3. En premier lieu, aux termes de l'article R. 4125-1 du code de la défense : " I. Tout recours contentieux formé par un militaire à l'encontre d'actes relatifs à sa situation personnelle est précédé d'un recours administratif préalable, à peine d'irrecevabilité du recours contentieux. / Ce recours administratif préalable est examiné par la commission des recours des militaires, placée auprès du ministre de la défense. (...) ". Aux termes de l'article R. 4125-10 du même code : " Dans un délai de quatre mois à compter de sa saisine, la commission notifie à l'intéressé la décision du ministre compétent (...) La décision prise sur son recours, qui est motivée en cas de rejet, se substitue à la décision initiale. (...) ".

4. Il ressort des pièces du dossier que la décision contestée mentionne les textes applicables et plus particulièrement les articles L. 4139-8 et R. 4139-41 du code de la défense qu'elle cite in extenso. Elle rappelle la procédure suivie et notamment l'avis de la commission des recours des militaires et indique le motif du refus à savoir l'existence d'un sous-effectif chez les officiers de carrière dans la composante aéronavale, et plus particulièrement dans la spécialité de pilote de chasse. Cette décision précise en outre, que le nombre de capitaines de frégate possédant, " comme l'auteur du recours " l'expérience du groupe aérien embarqué est extrêmement réduit et ne permet pas de satisfaire tous les besoins. Par suite, cette décision est suffisamment motivée et ne révèle aucun défaut d'examen de la situation personnelle de M. B....

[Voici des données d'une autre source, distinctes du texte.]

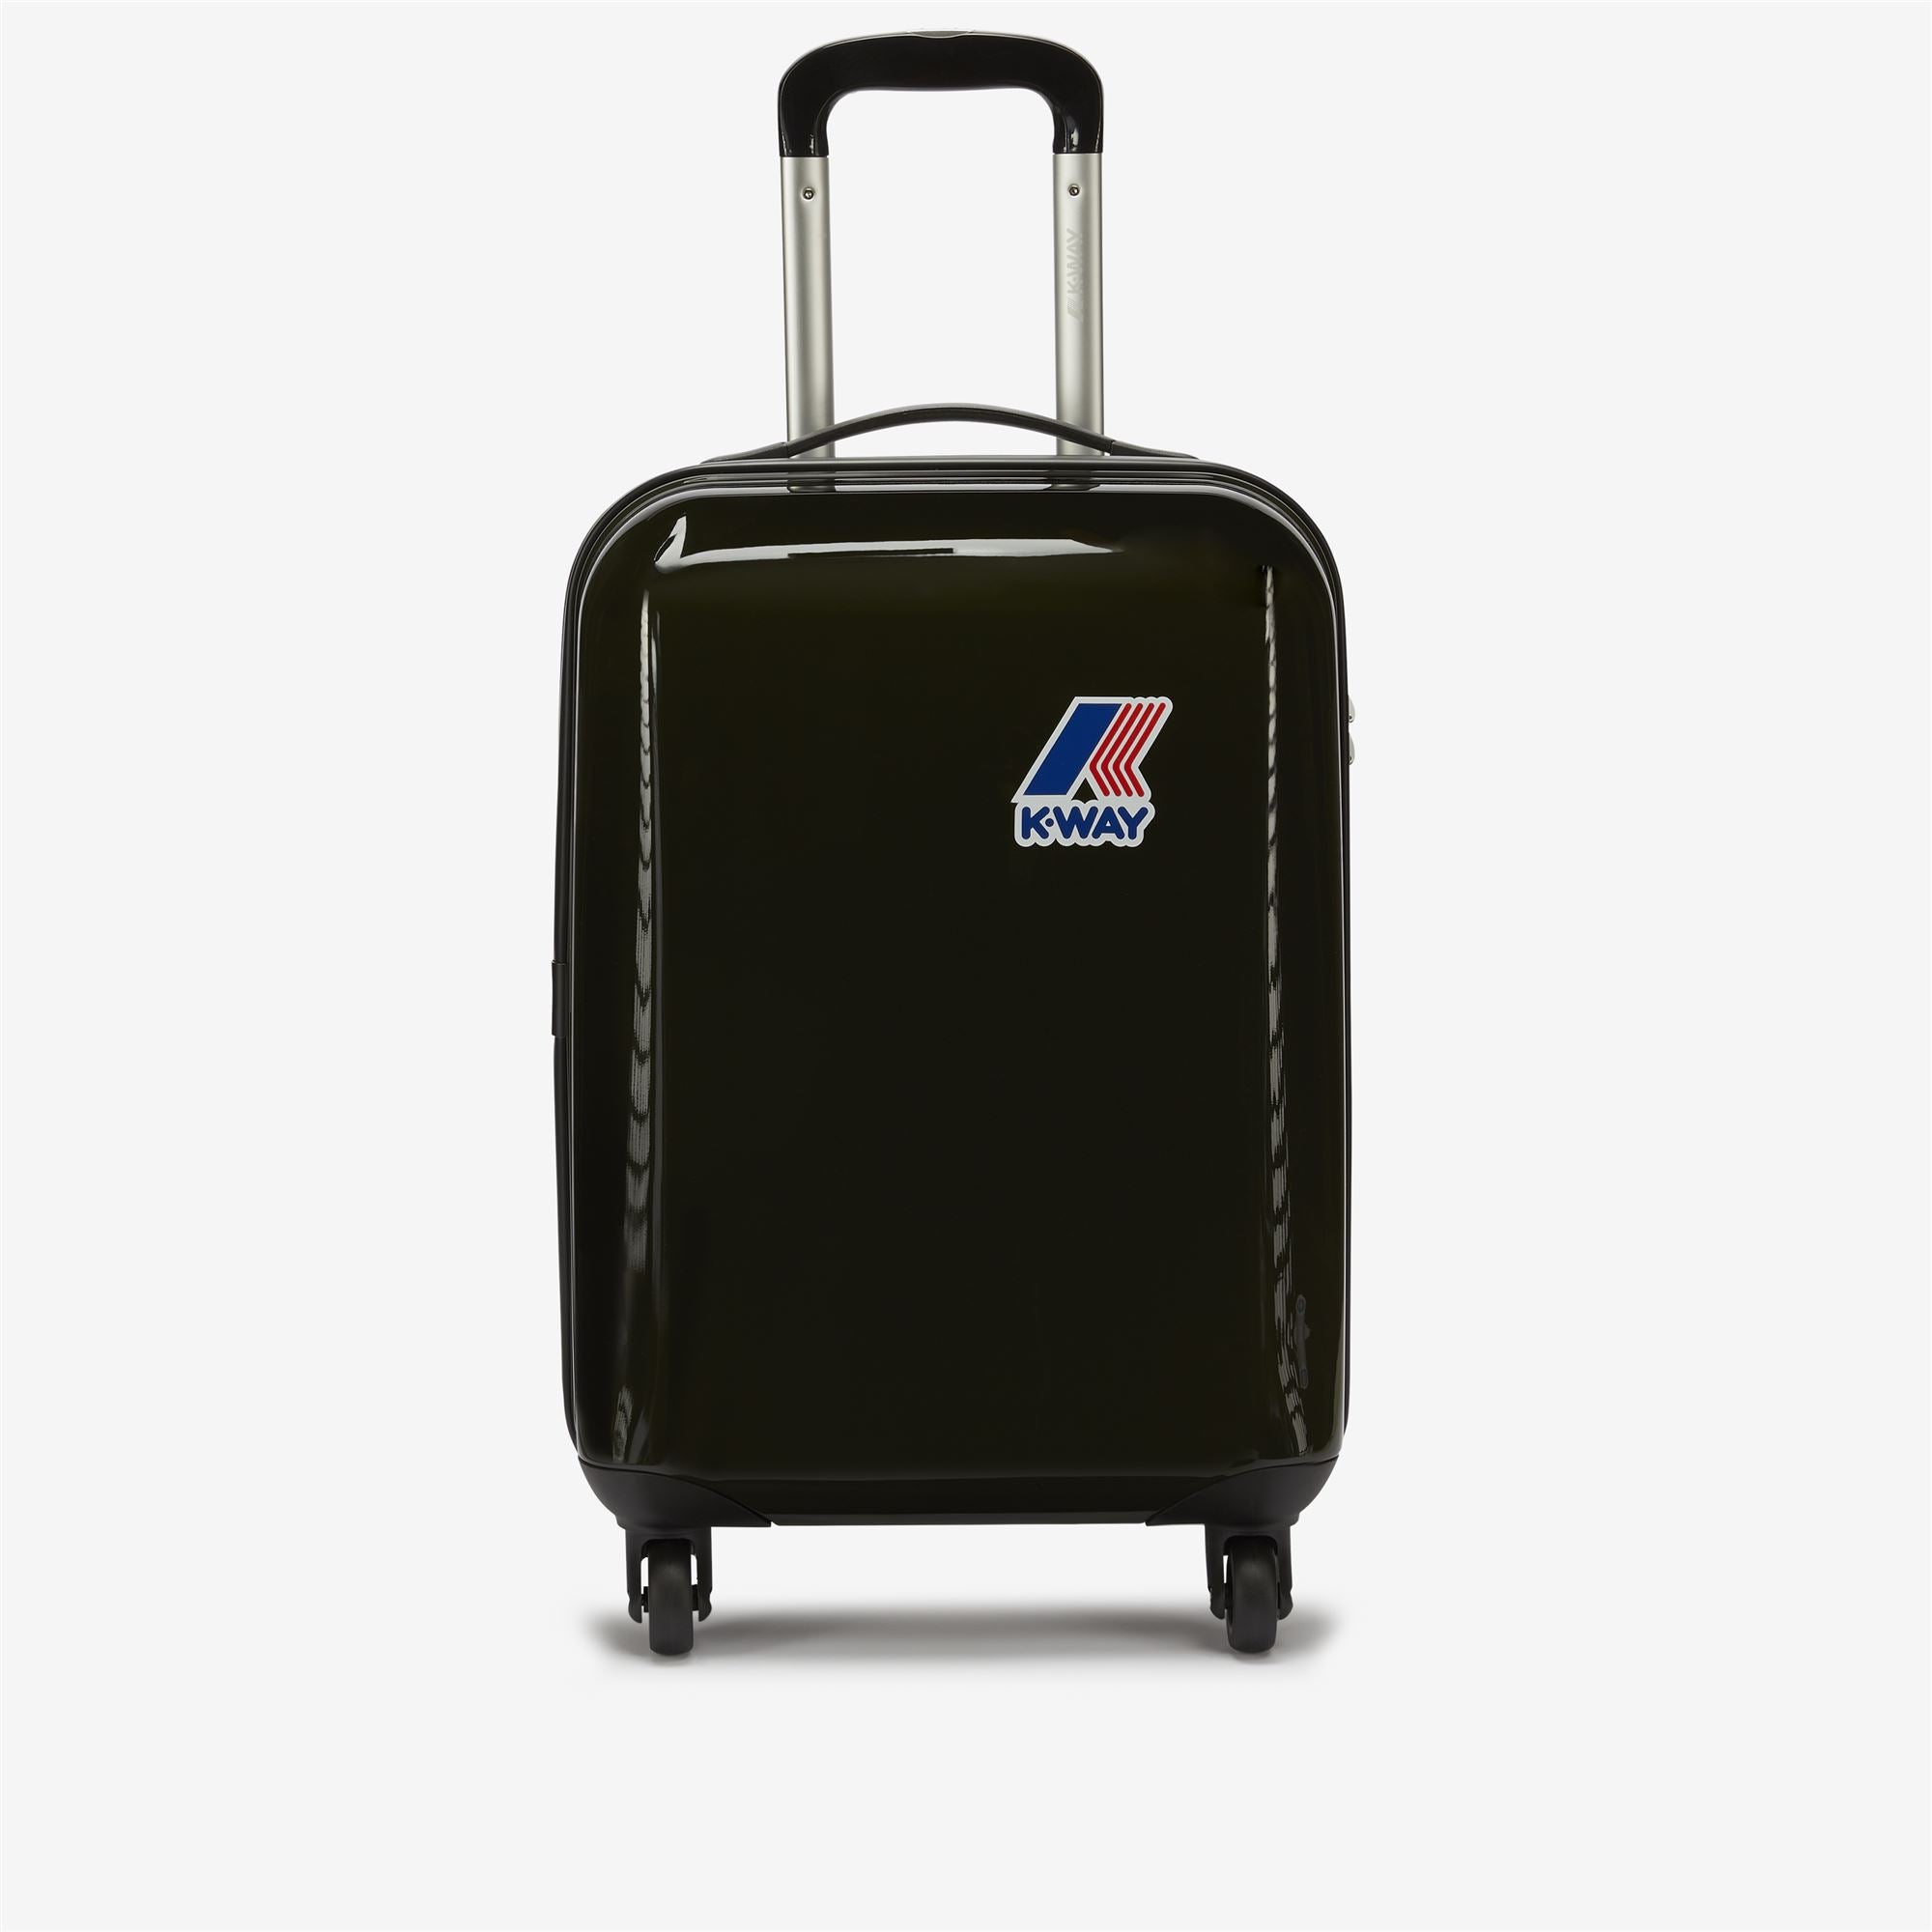 K-WAY SYSTEM MINI TROLLEY - Luggage Bags - Trolley - Unisex - BLACK TORBA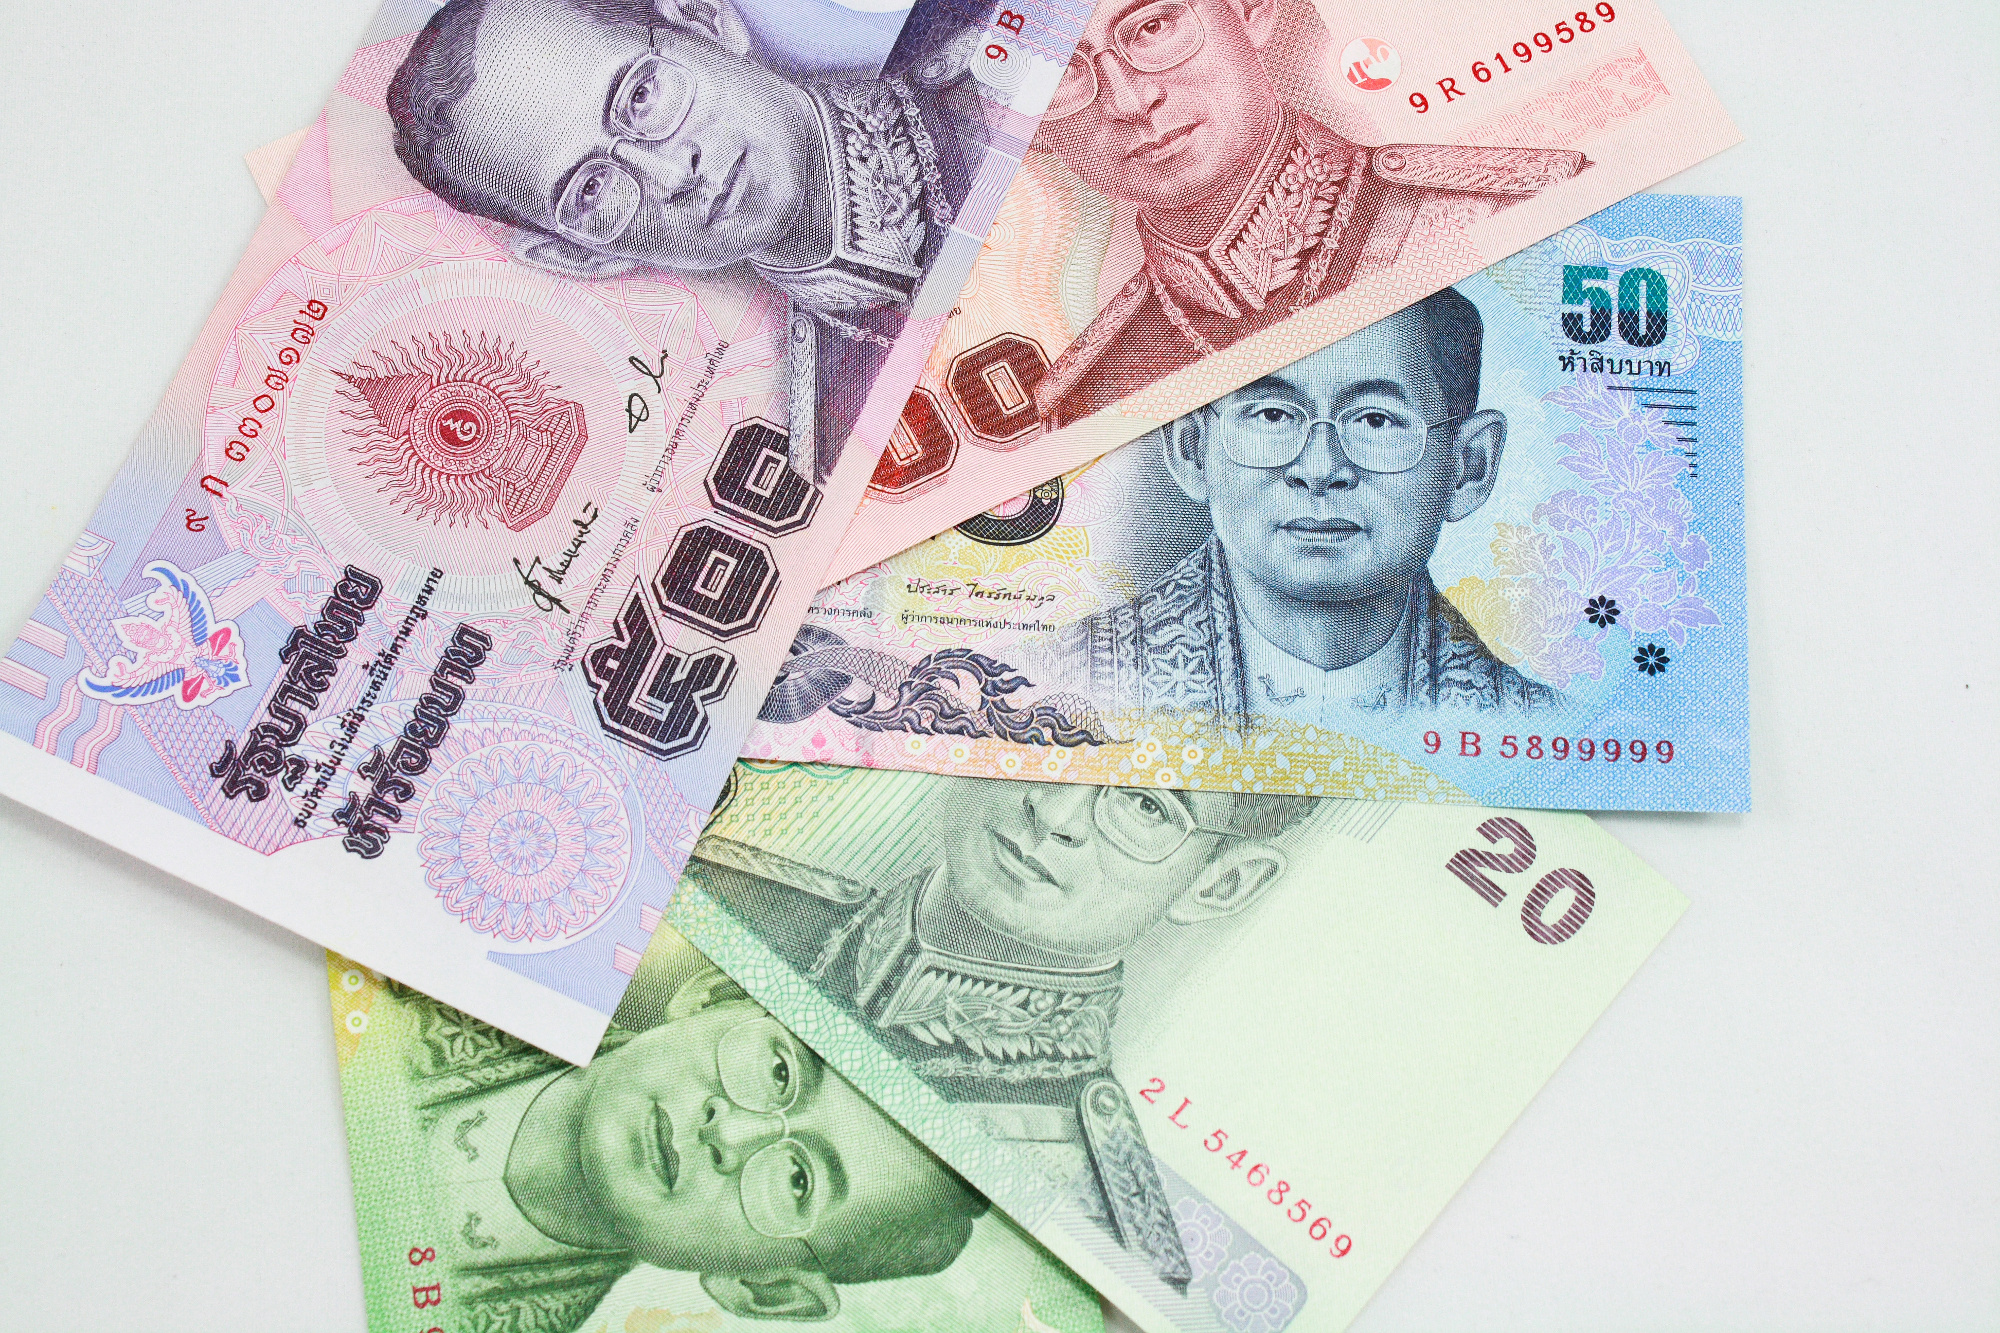 Monnaie thaï

5. En deuxième lieu, aux termes de l'article L. 4139-8 du code de la défense : " Les militaires de carrière mis à la retraite (...) peuvent, sur demande agréée, dans la limite d'un contingent annuel fixé par arrêté interministériel, recevoir, dans les conditions fixées par décret en Conseil d'Etat, un pécule déterminé en fonction de la solde perçue en fin de service. ". Aux termes de l'article R. 4139-42 du même code dans sa rédaction alors en vigueur : " Le contingent annuel précité est réparti entre les armées, formations rattachées, armes et corps selon les besoins du service propres à chacun d'entre eux et compte tenu notamment de la situation de leurs effectifs. ". Aux termes de l'article R. 4139-43 du code de la défense : " Pour être admis au bénéfice d'un pécule les officiers doivent : 1° Avoir accompli à la date de leur radiation des cadres moins de dix-huit ans de services ouvrant droit à une pension du code des pensions civiles et militaires de retraite ; 2° Ne pas bénéficier d'une mesure de reclassement dans un emploi public en application des dispositions de l'article L. 4139-2. ". L'arrêté du 20 février 2014 prévoit l'attribution de vingt-neuf pécules, à raison d'un pécule pour les officiers du grade de lieutenant-colonel ou de capitaine de frégate.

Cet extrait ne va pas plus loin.